## What is required
Quote the listing below in full and exactly as written, but omit every picture.

## Supplied data
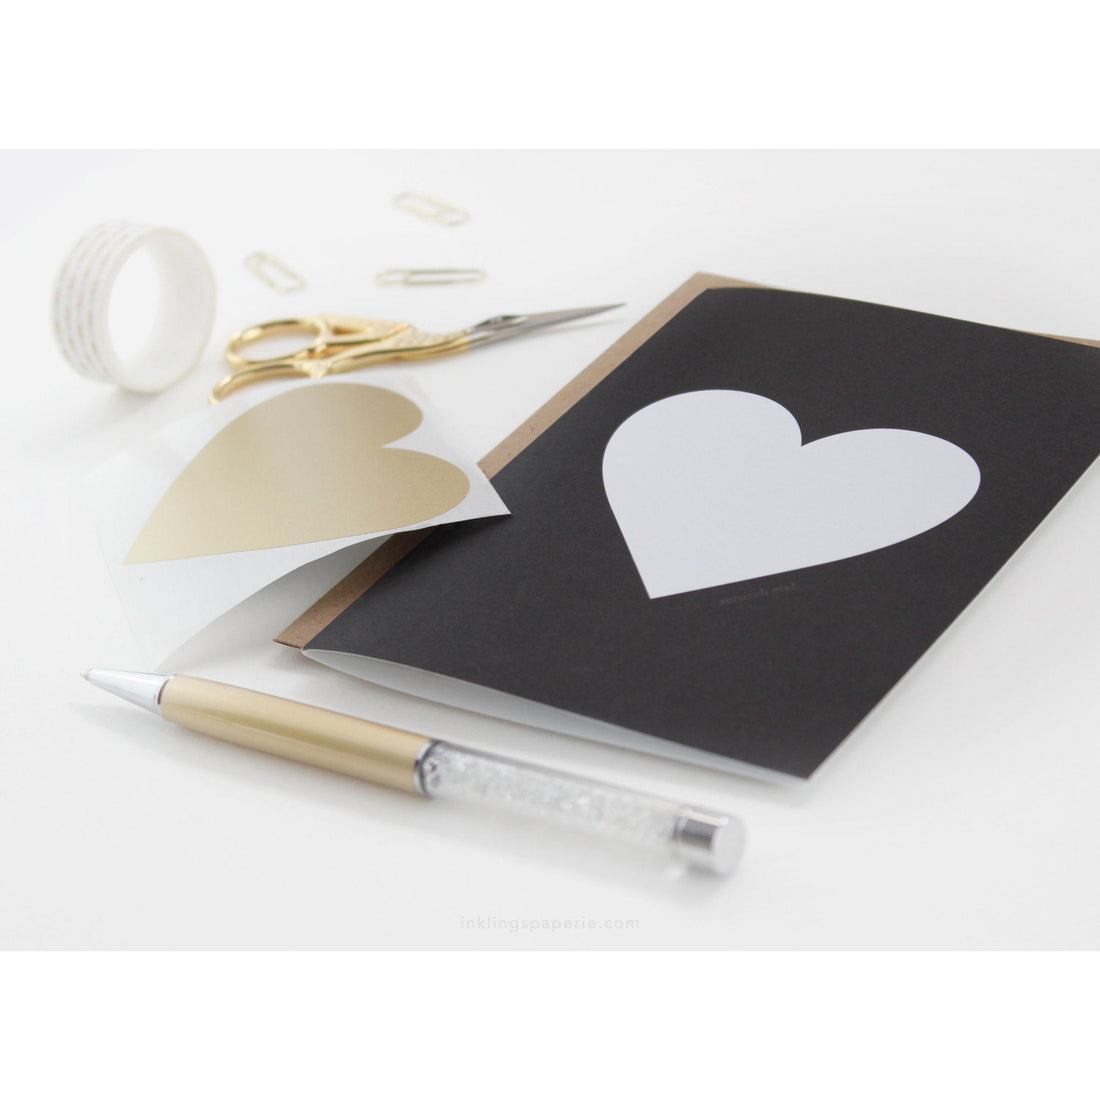 inklings-paperie-black-&-gold-heart-scratch-off-card-single-card-inkl-gce010
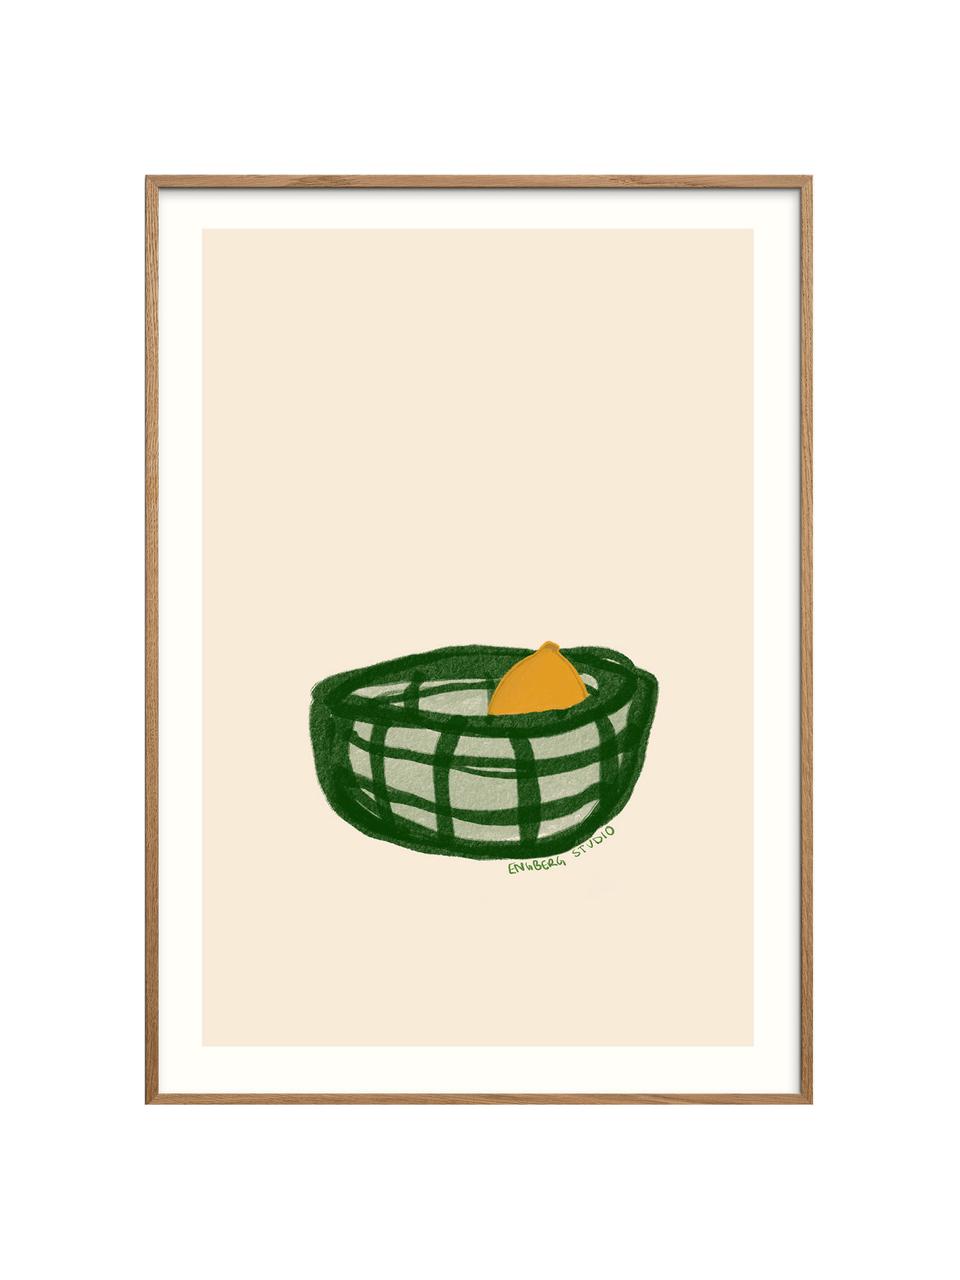 Poster A lemon in a basket, Beige chiaro, tonalità verdi, giallo acceso, Larg. 30 x Alt. 40 cm
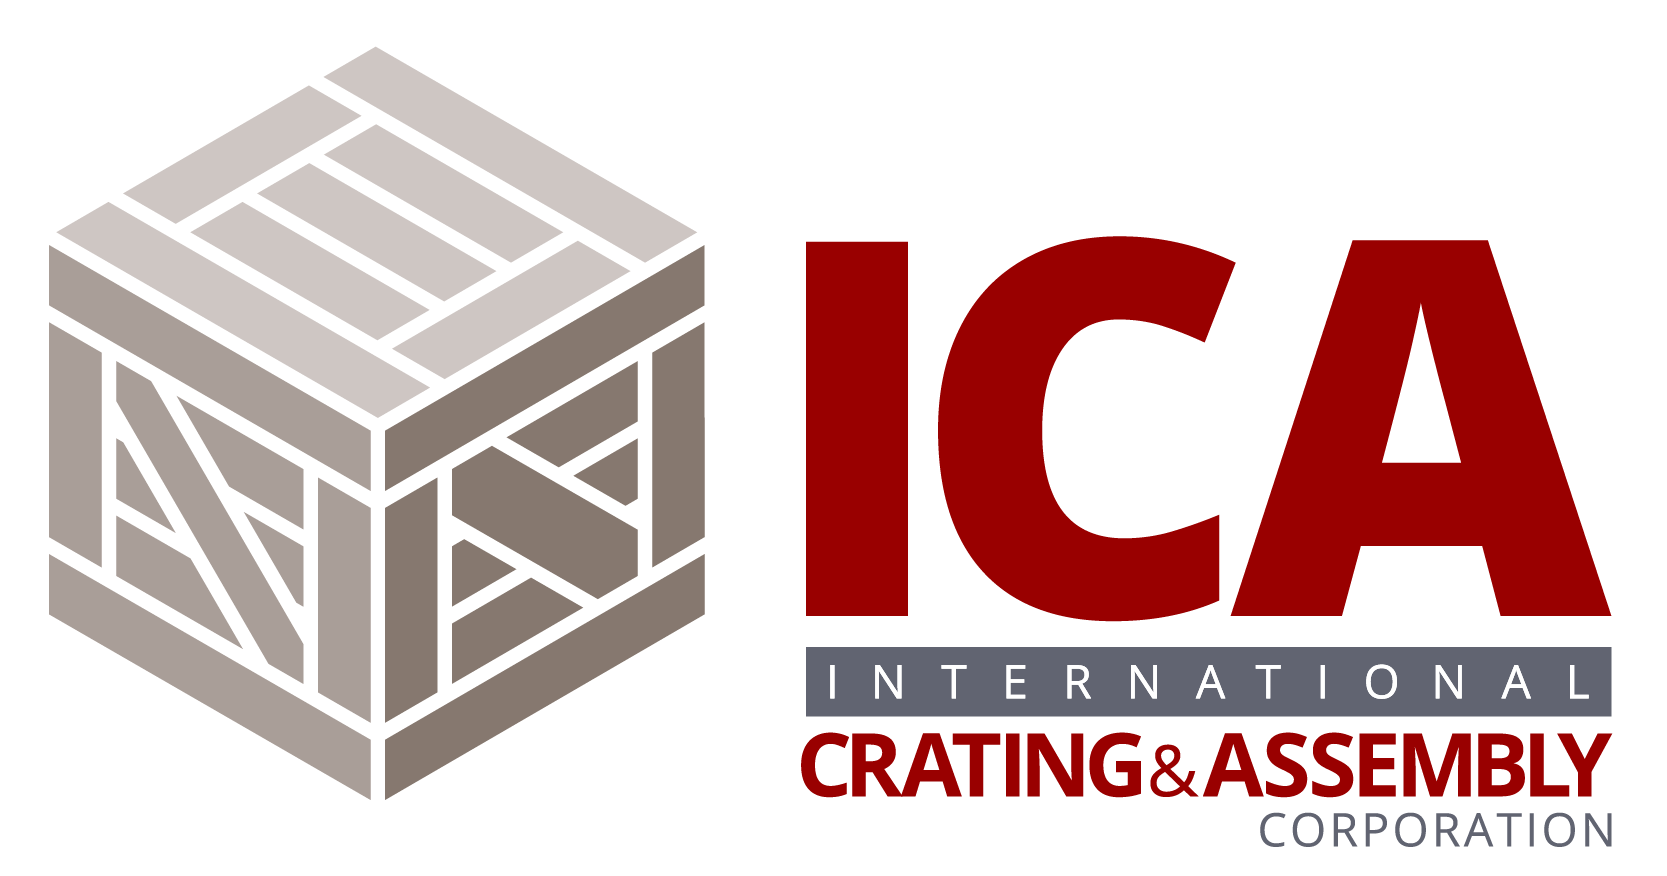 ICA Corporation

## Output below
 inklings-paperie-black-&-gold-heart-scratch-off-card-single-card-inkl-gce010
 Poster A lemon in a basket, Beige chiaro, tonalità verdi, giallo acceso, Larg. 30 x Alt. 40 cm
 ICA Corporation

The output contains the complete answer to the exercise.